Good Morning. I have a very challenging situation and I have done months of searching and research. I’ve talked with local social workers, counselors, and parenting class instructors.
About 5-6 years ago I dated a young lady. During this relationship conception occurred with Twin girls. Unfortunately this young lady I dated was also getting involved with her ex-husband. Paternity
of the twin girls was in question during the pregnancy. In the end this young lady decided to work on things with her ex-husband and that she did not want to do paternity and broke off contact / disappeared. It took me 4 years to track her down.
In September 2012 she was served with a Statement of Paternity requesting the courts to require a DNA test and declare me the father of the girls. After much legal stalling DNA testing is happening on February 24th, 2013. I will get the results about a week or two later. The twins share a lot of similar features to me and one of the girls is a spitting image of one of my toddler pictures when I was her age. I feel strongly that DNA is going to come back and declare me the biological father.
The twins are now 4 years old and they do not even know I exist. The twins as far as I know have called my ex’s ex-husband dad. I do know that my ex and her ex-husband split up again in 2010 and he moved away. It is quite possible he has not had as strong as a role in their life since the split. My ex is now with a new partner as far as I understand that she lives with and just had a little boy with him in September of 2012.
The twins have an older sister and a younger brother. It is very likely all conceived children by my ex have a different father.
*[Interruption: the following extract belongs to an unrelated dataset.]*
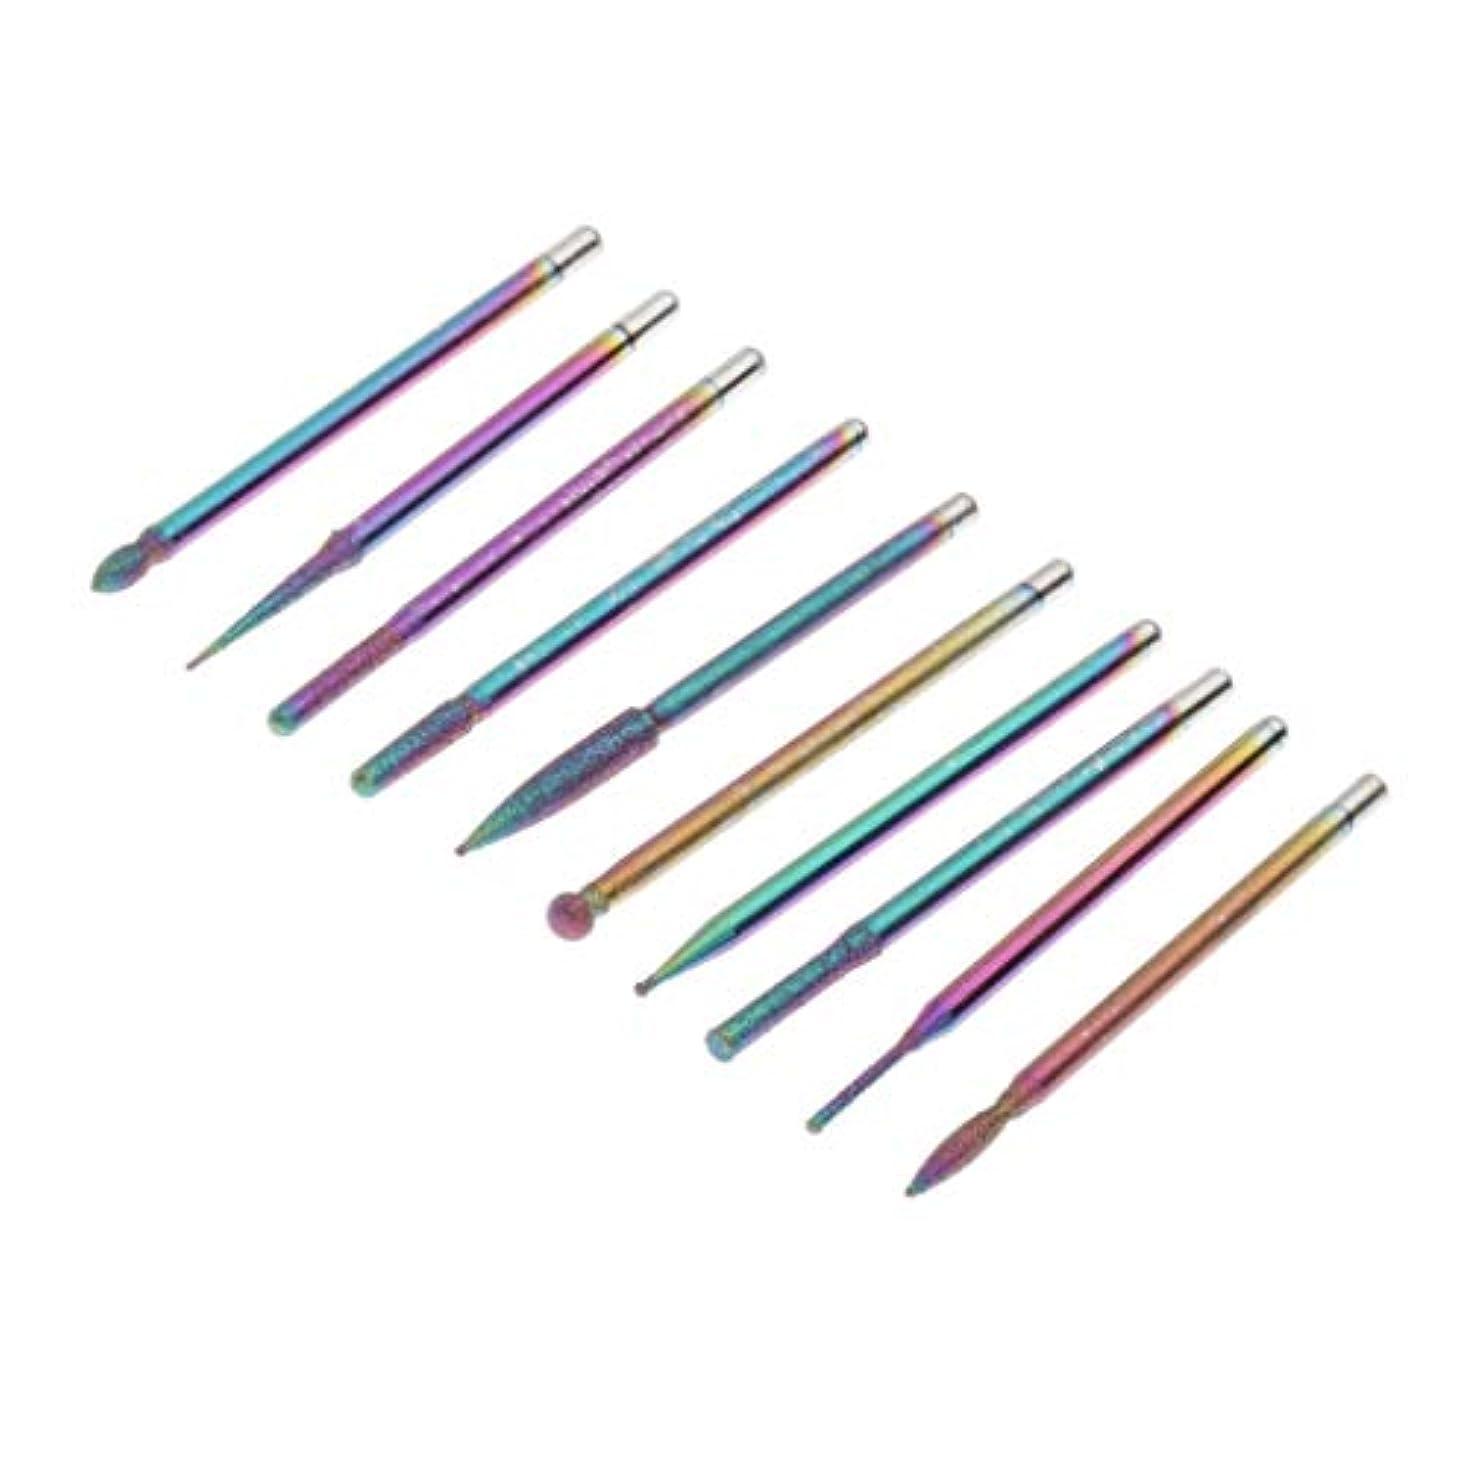 原稿掻くがんばり続けるSM SunniMix ネイルアート ドリルビット セット 研削ヘッド 研磨ヘッド ネイルビット 爪磨き ツール 約10個 全3色 - 03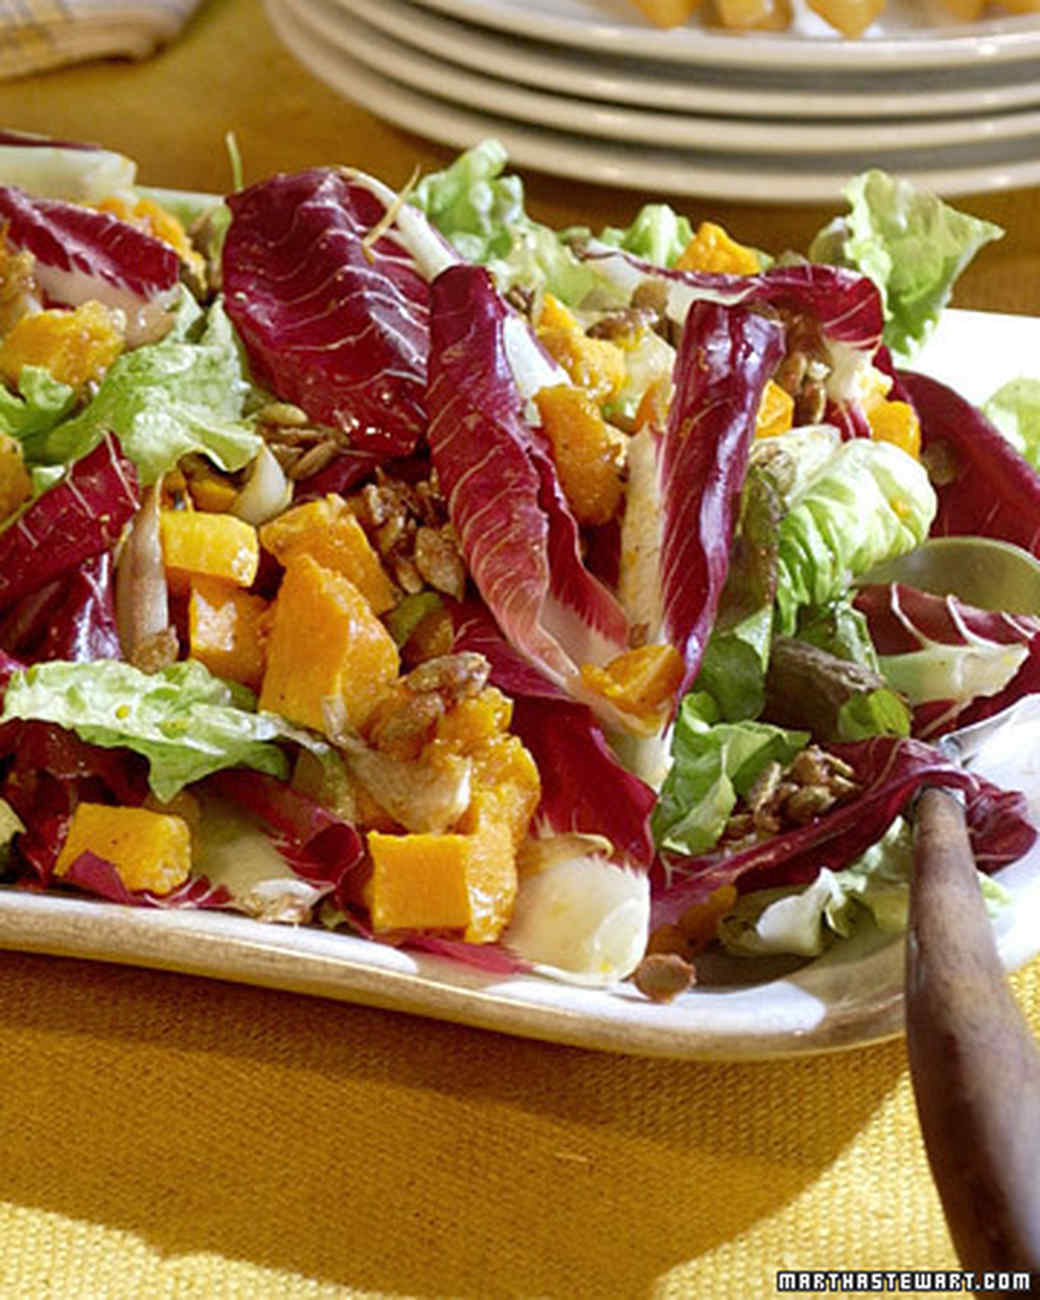 Фото рецепт салата с чипсами

I will be going through the legal process if the DNA shows me as the father to establish my rights. I am well aware of the confusing and complicated situation this is and I understand the girls are very young and not able to address the complexities of this situation and I want to limit their exposure to it as much as I possibly can.
With the above said, as I mentioned I’ve consulted different professionals with their thoughts and how to approach the situation with the girls. Some have compared it to kidnapping (legal kidnapping) and that even if a child never met a biological parent
the bond is still missing / there for the children to want to naturally bond and accept their biological parentage
So one of the primary questions that is plaguing me that I have been unable to answer: “How and when do I tell the girls that I am their biological father?”
I understand that question is complex as the big variable is it depends on the children. I am curious about other thoughts and perspectives. I’ve taken a Child Behavior and Development course when I was in college and I’ve taken several parenting classes but nothing touches this area / question.
Because of the mixed responses or avoidance I’ve had with the question I’ve come to a different thought process and also want to get a little feedback on it. The children currently carry the surname of their assumed father. Part of my petition will be to add my particulars to the birth certificate but due to this situation I have the right to fight for the children’s surname to be my own or a hyphenated version of my last name and the mother
My thought process is that at 4 years of age they really won’t recognize the name change
as much as they would later in life. They are also not in school yet to have their current names used consistently. By changing their last name at this age to mine they can adjust to the new last name and probably have some questions about the change that can easily be distracted from or answered plainly without any details. As the girls would get visitation
time with me they would eventually come to realize we share the same last name and when they are ready will start poising questions to me about our similar last name etc.. Which I feel would allow the girls to open the door when they are ready versus trying to guess or decide when the best time to tell them would be..
So in the end I am looking for feedback to my question poised above as well as the thoughts of the surname change and allowing the girls to come to me when they are ready to ask those types of questions or even their mom.
If there is basis / strength to the surname idea I am curious if there are any articles or journals out there that I have been unable to find that may assist my case quoting professionals in the field of child psychology.
I appreciate your time in reading this.